-- Opening Marker --
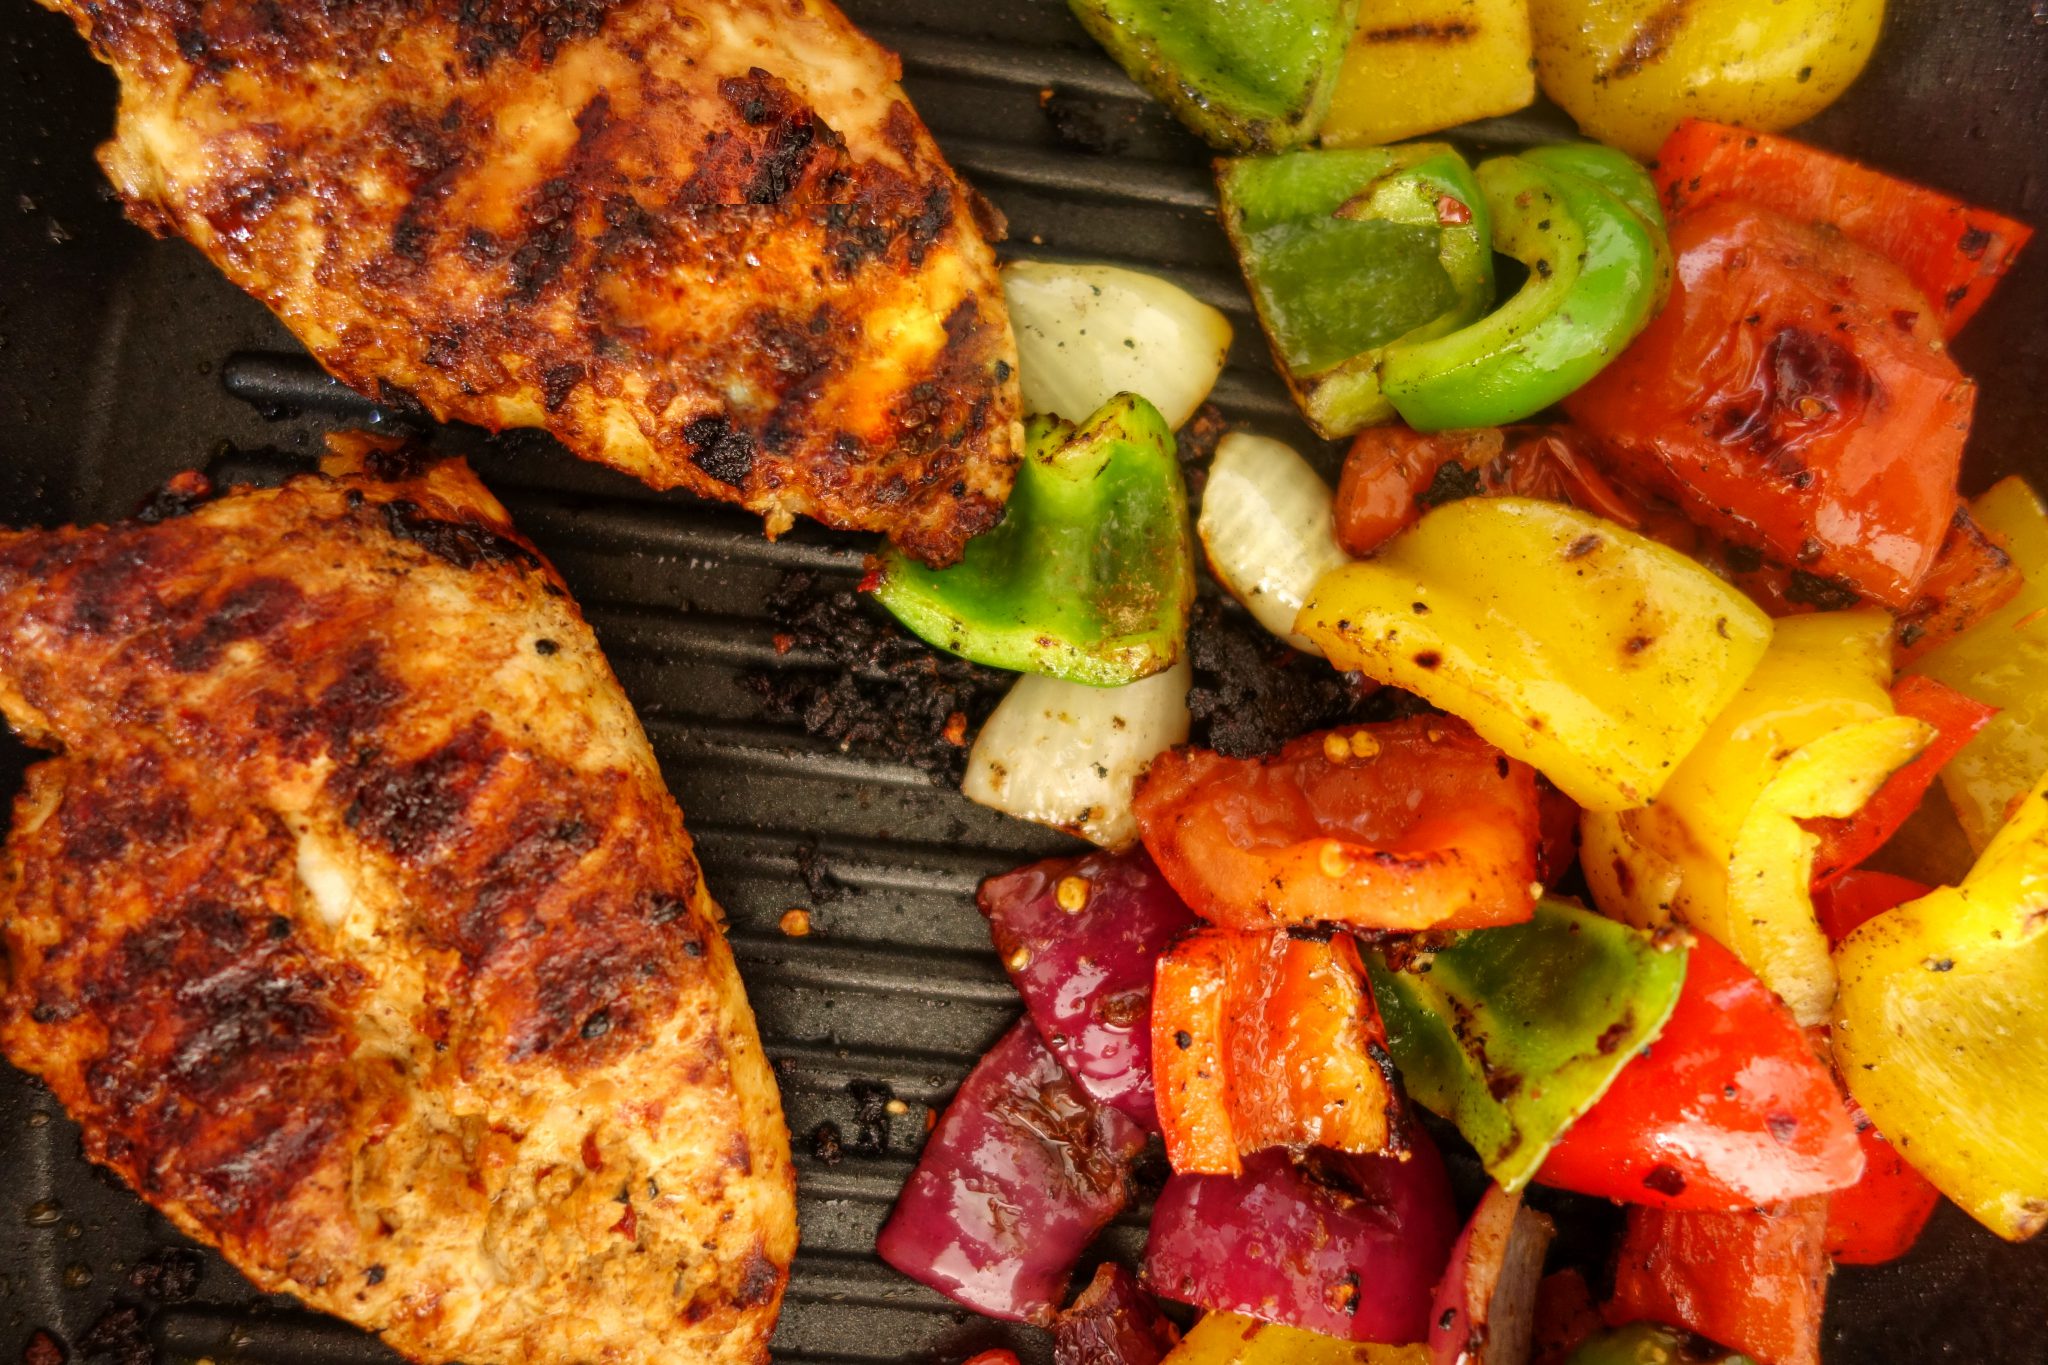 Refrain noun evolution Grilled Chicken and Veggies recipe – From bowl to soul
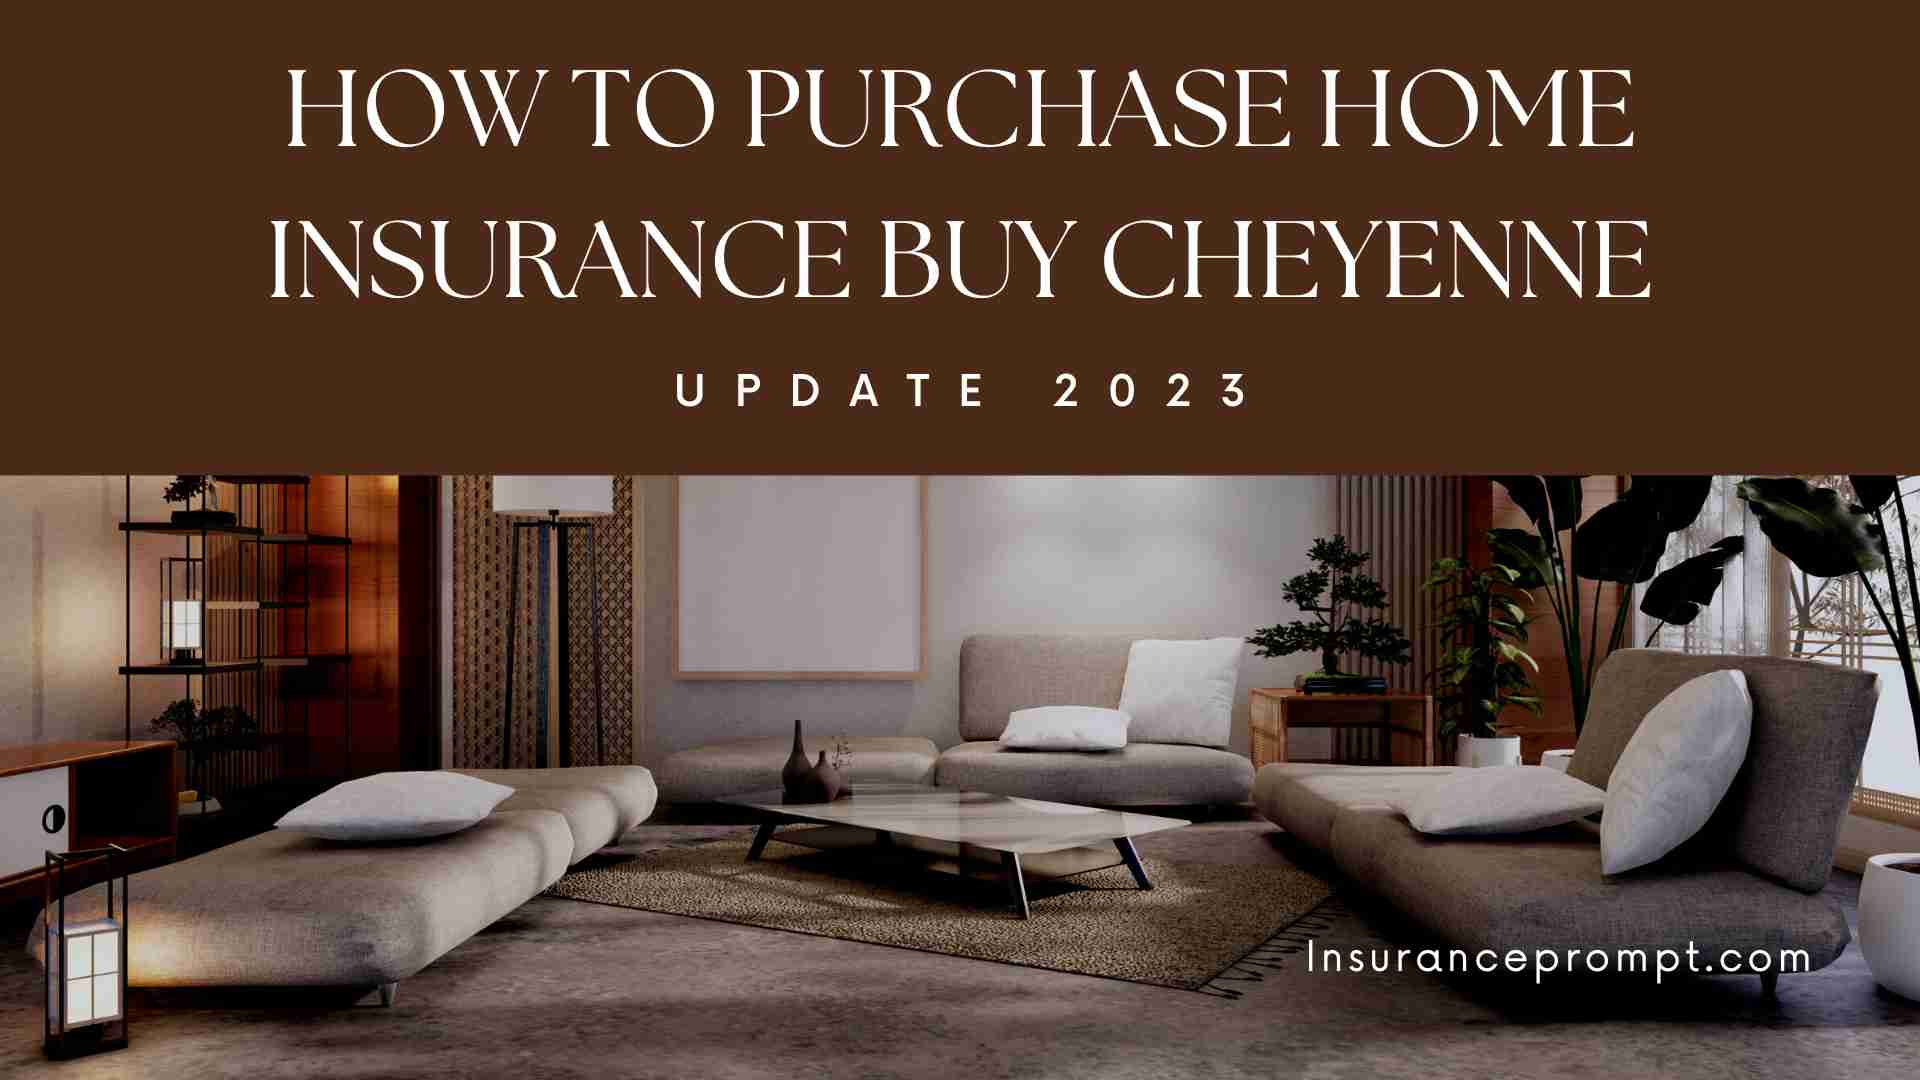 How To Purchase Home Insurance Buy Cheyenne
-- Closing Marker --
-- Opening Marker --
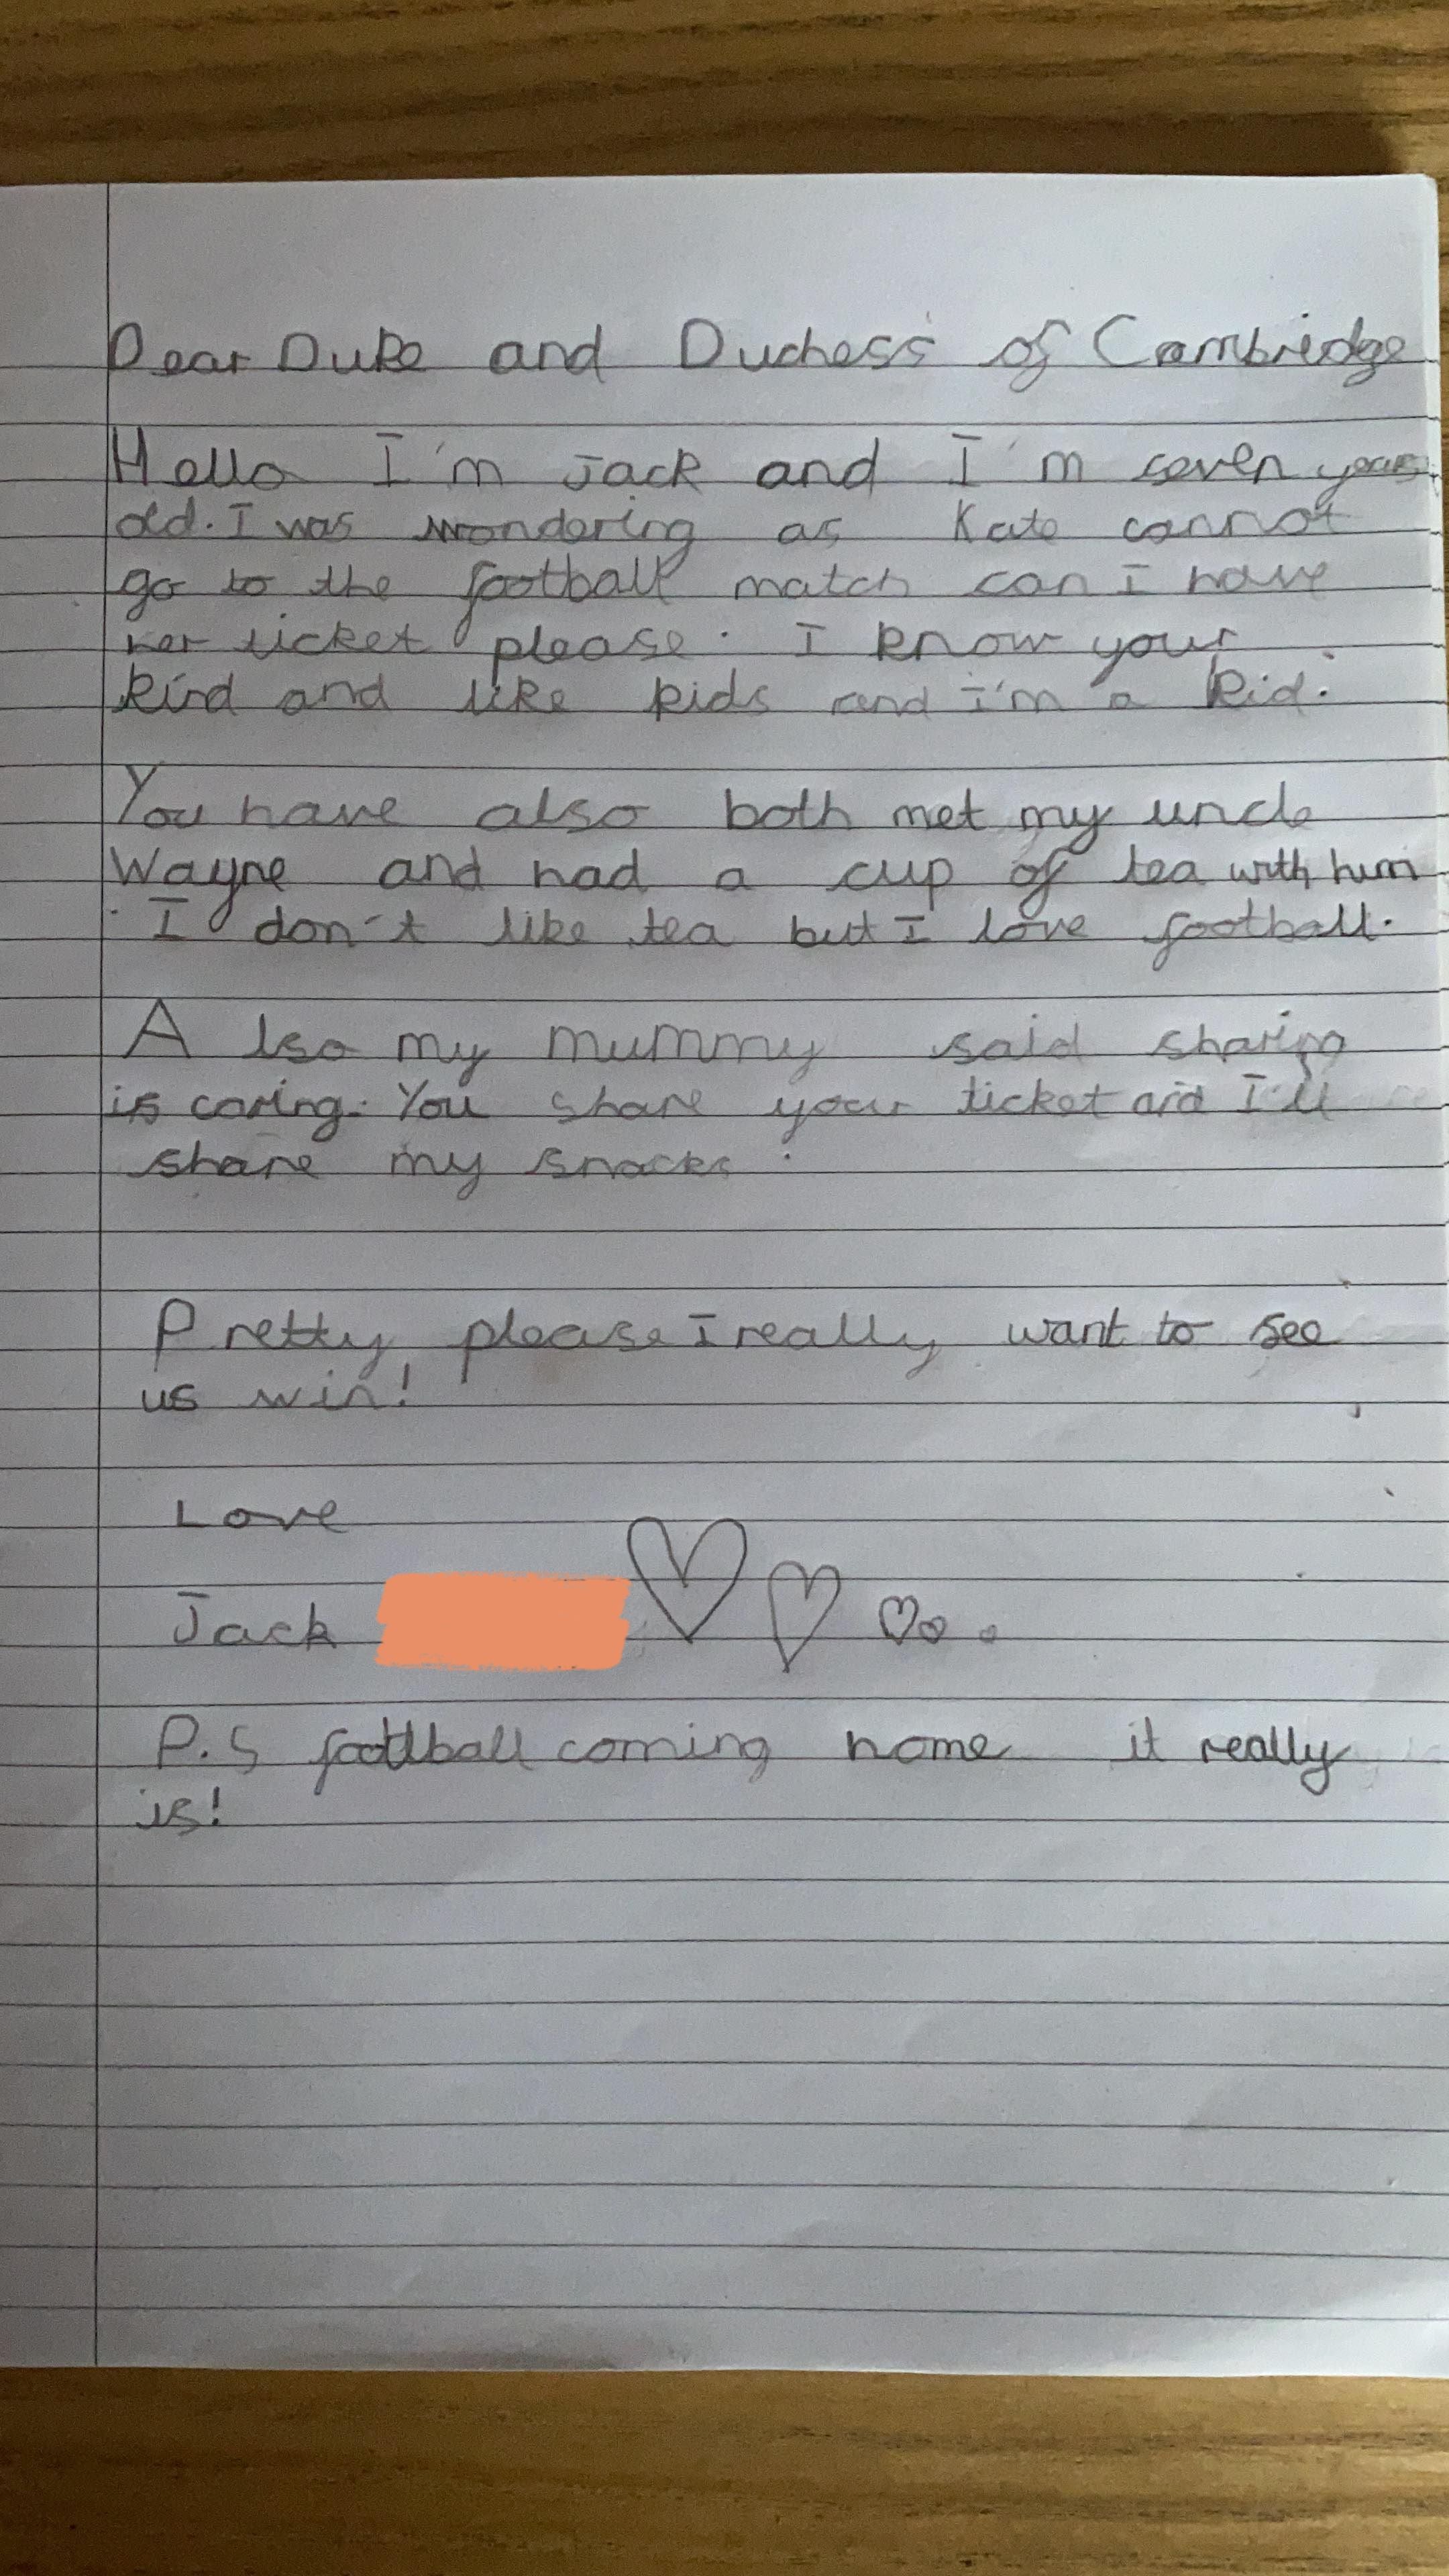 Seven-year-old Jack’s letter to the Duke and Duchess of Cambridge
-- Closing Marker --
**Task details:** Extract the part of the records that opens with the line containing "Refrain noun evolution" and closes with the line containing "How To Purchase Home Insurance Buy Cheyenne". Take only those lines, exactly, and no pictures.

**Solution below:**
 Refrain noun evolution Grilled Chicken and Veggies recipe – From bowl to soul
 How To Purchase Home Insurance Buy Cheyenne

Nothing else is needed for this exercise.